Она действительно тотчас же вернулась, принесла с собой тяжелую кожаную сумку и, протянув ее Метробию, сказала:
– На, возьми. Здесь тысяча аурей. Подкупай рабов, рабынь, но привези мне улики, слышишь? Если тебе понадобятся еще деньги…
– У меня есть…
– Хорошо, трать их не жалея, я возмещу тебе… Но поезжай… сегодня же… не задерживаясь в дороге… И возвращайся… как только можешь скорее… с уликами!
И, говоря это, она выталкивала беднягу из комнаты, торопя с отъездом; она проводила его по коридору мимо гостиной, мимо алтаря, посвященного домашним ларам, потом мимо бассейна для дождевой воды, устроенного во дворе, провела его через атрий в переднюю до самой входной двери и сказала рабу-привратнику:
– Видишь, Гермоген, этого человека?.. Когда бы он ни пришел… в любой час веди его немедленно ко мне.

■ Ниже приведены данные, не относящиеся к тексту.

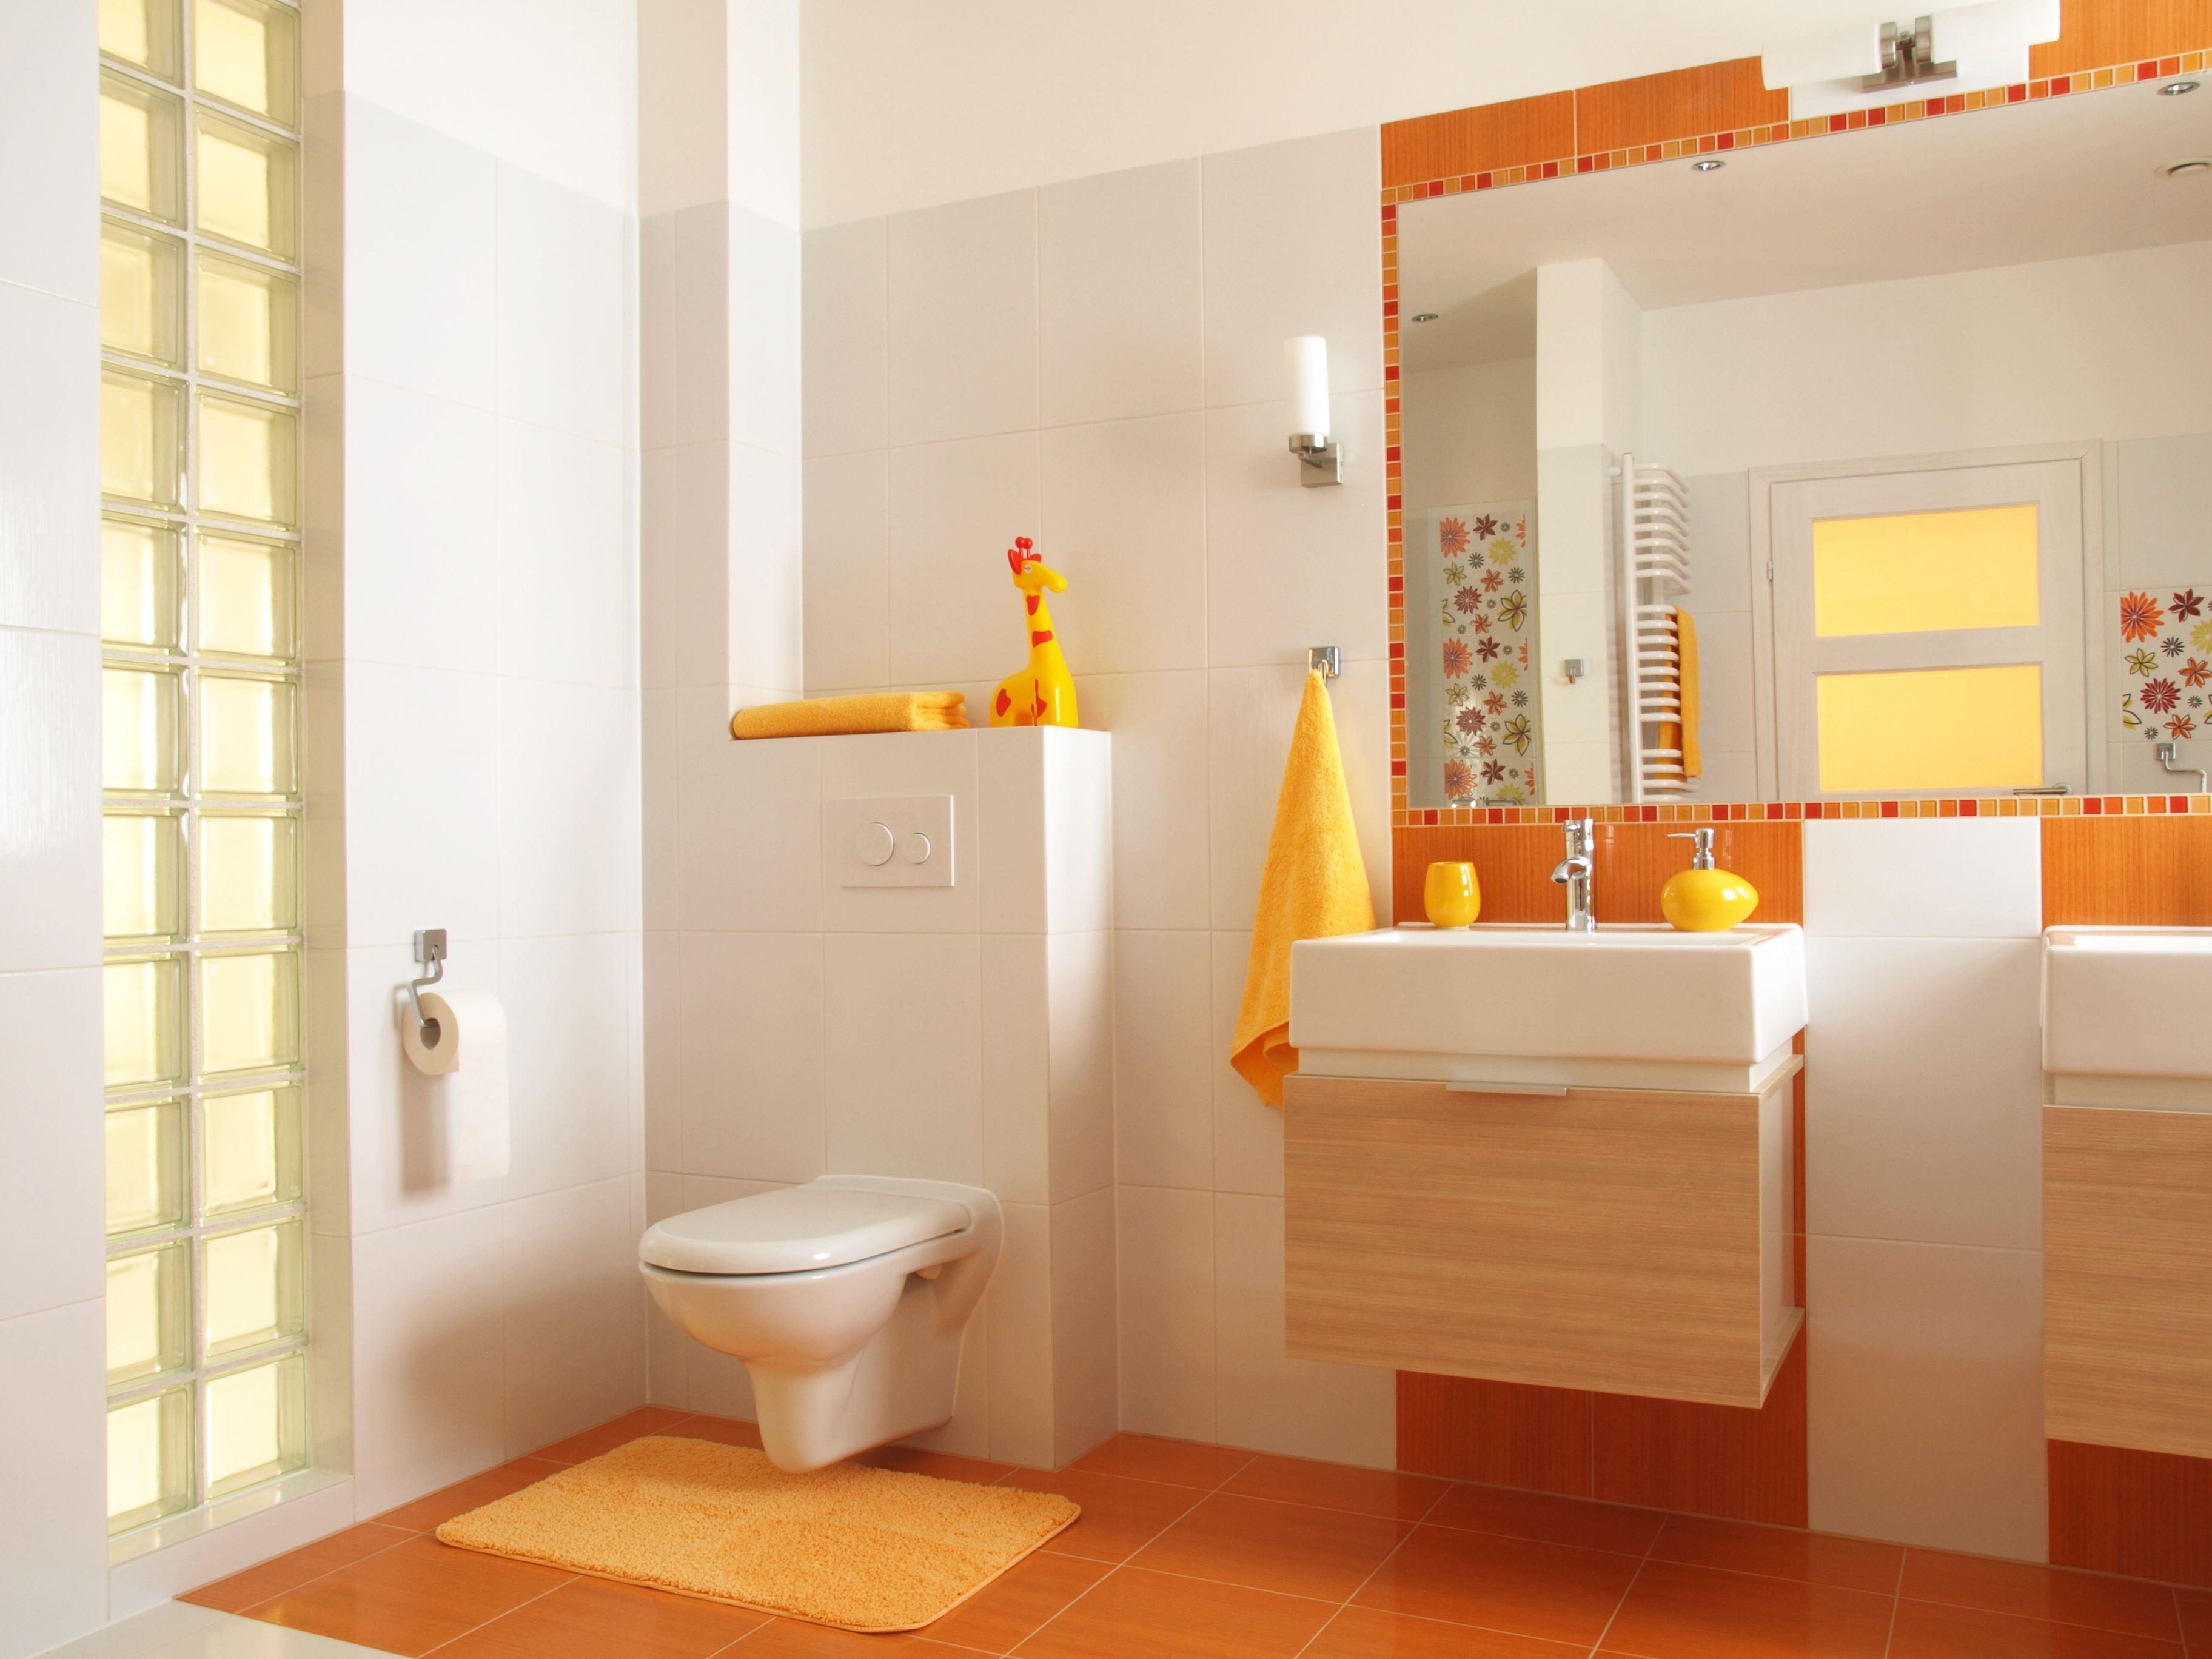 koupelna_koupelnovy_nabytek_wc

Еще раз простившись с Метробием, она вернулась к себе, закрылась в своей комнате и долго ходила взад и вперед, то замедляя, то ускоряя шаги. Тысячи желаний теснились в душе, тысячи надежд и планов рождались в воспаленном мозгу, сознание ее то затуманивалось, то вдруг озарялось мрачным светом, и в чувствах, отражавшихся в ее глазах, не было ничего человеческого, только лютая, звериная ярость.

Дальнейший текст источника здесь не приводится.